Recurrent neural network (RNN) contains loops where the output of the layer becomes an input. This looping generates state neurons that enable the network to possess memory about the previous state. Obtaining a future memory is favorable for prediction and is feasible with RNN by introducing a delay, but the prediction rates drop if the delay is too large. To overcome this issue, a bidirectional recurrent neural network (BRNN) has been developed, splitting the state neurons into positive and negative time directions [31][32]. 2D-BRNN, a two-dimensional application of BRNN, has been widely used to correctly predict the residue contact map (CM), normally using four-state vectors handling four cardinal corners of the map [33]. Long-short term memory (LSTM) is a variant of unit cell used in RNN, designed to resolve vanishing gradient problems by introducing gate functions into the unit cell [34]. This error gating allows LSTM to learn long-term dependencies between data points. With their ability to permit sequence as inputs and outputs, RNNs are known for excellent performance upon any sequence-based problems, suitable for protein structure prediction with protein sequence as input.
Convolutional neural network (CNN) often encompasses three types of layers: convolutional, pooling, and fully connected layers [35][36]. CNN generally takes input such as a 2D image, and the convolutional layers apply various kernels to convolve it where each kernel acts like a perceptron, generating feature maps. Then, a pooling layer follows to perform dimension reduction upon the network parameters and feature maps. The results are forwarded into the fully connected layers, mapping 2D feature maps into a 1D vector for further feature representations.
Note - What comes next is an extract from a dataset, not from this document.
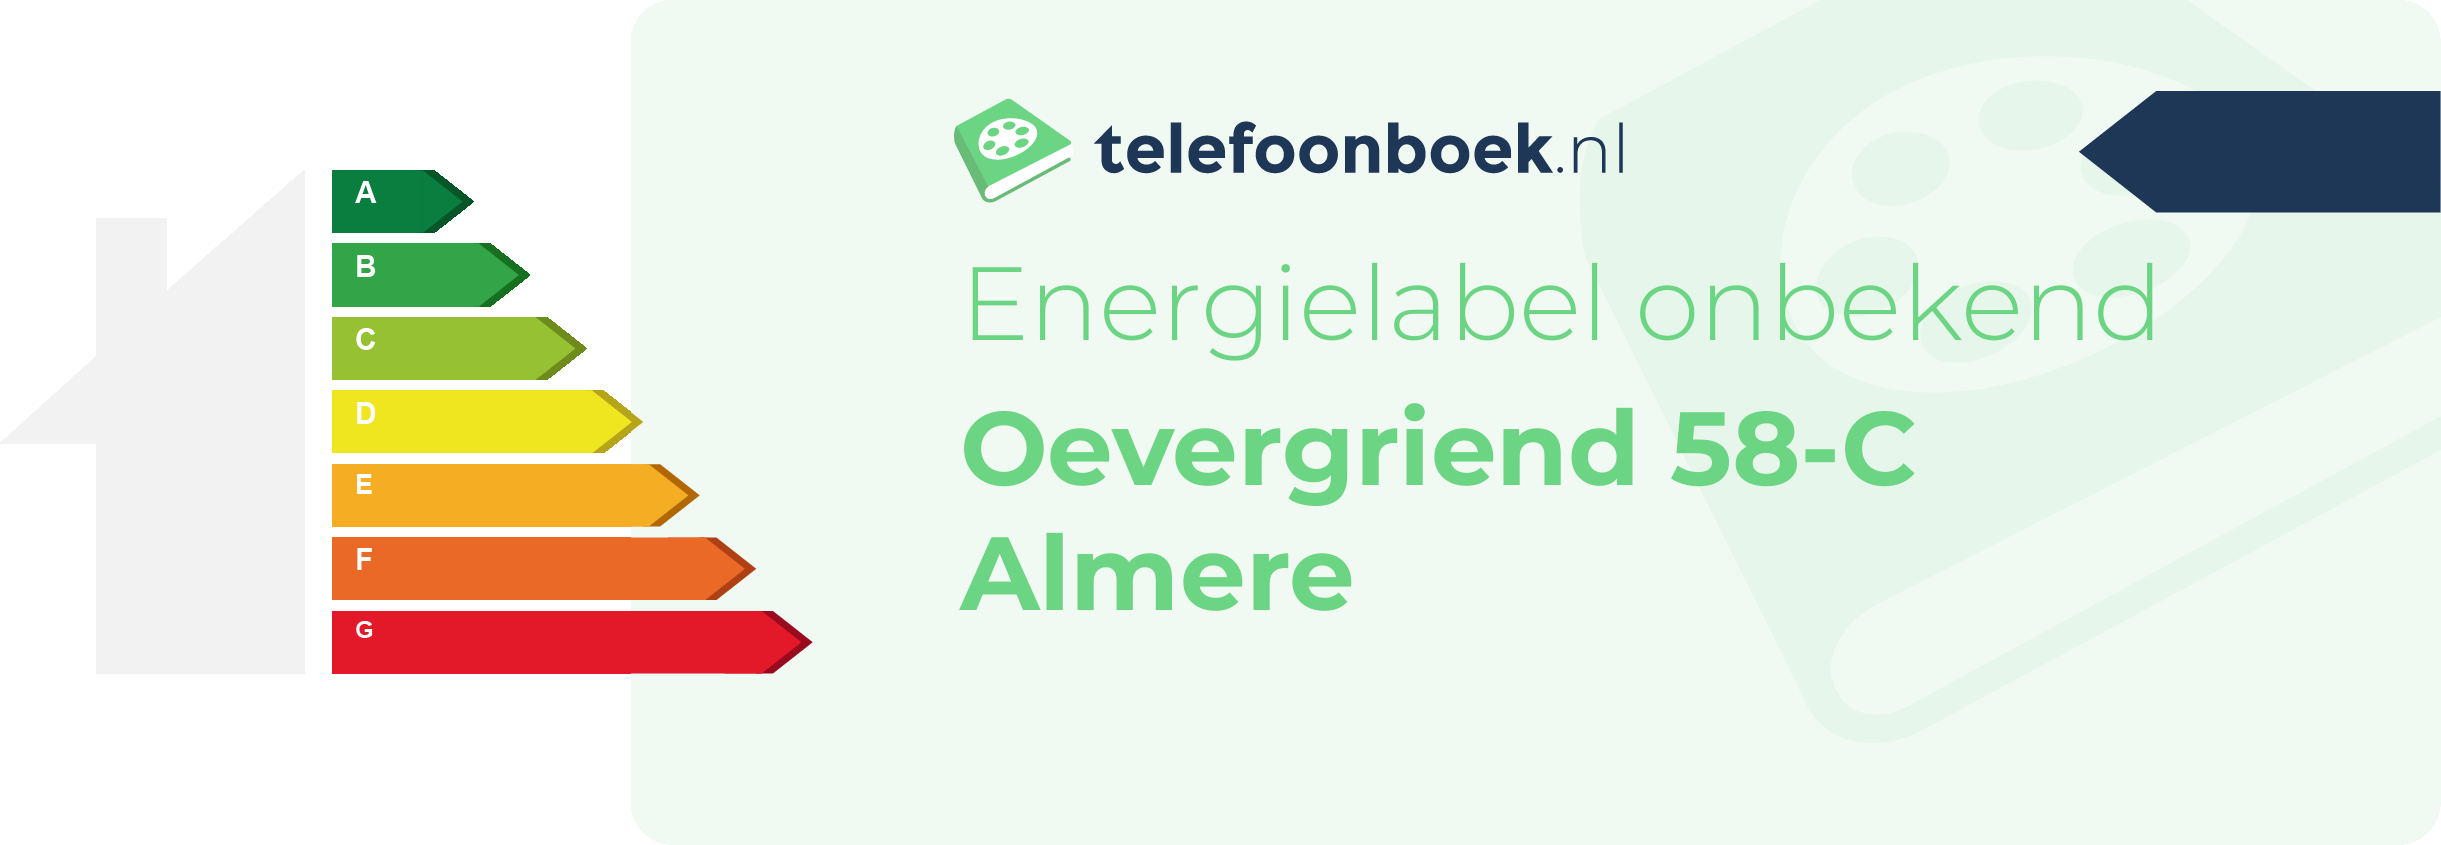 Energielabel Oevergriend 58-C Almere

The main benefit of applying the convolution scheme is the massive parallelism, yielding a great amount of computational efficiency. Convolutional schemes are widely used for CM prediction, a 2D-PSA [37].
Graph deep learning models enjoy attention from numerous application domains thanks to their structural consistency to the native graph-structured data. Graph convolutional network (GCN), a generalization of the convolutional operator upon non-Euclidian structured data, contains several spectral or spatial convolutional layers [38]. Its unique featurization strategies at the input level with elaborated architectures suit complicated problems such as PPI or DTI.
To improve our fundamental understanding of biological phenomena, protein structures and their contacts shed light on their mechanism of action, possibly assisting with drug design. Based on the co-evolution analysis and deep learning methods, protein structure prediction methods have made significant progress in recent years by using multiple sequence alignments (MSAs) of the target protein and its homolog. A combination of the architectures mentioned above is widely used in this type of protein structure prediction methods. One famous example would be a combination of bidirectional RNN and CNN (BRNN–CNN) [39]. In this scheme, a convolutional kernel maps a window of BRNN memories into a local state. There exist variations such as bidirectional LSTM followed by CNN (BLSTM–CNN) [40]. Unlimited hybrid topologies are available, but one needs to design the architecture carefully, considering training difficulty, computational complexity, and memory requirement in order to obtain the best accuracy.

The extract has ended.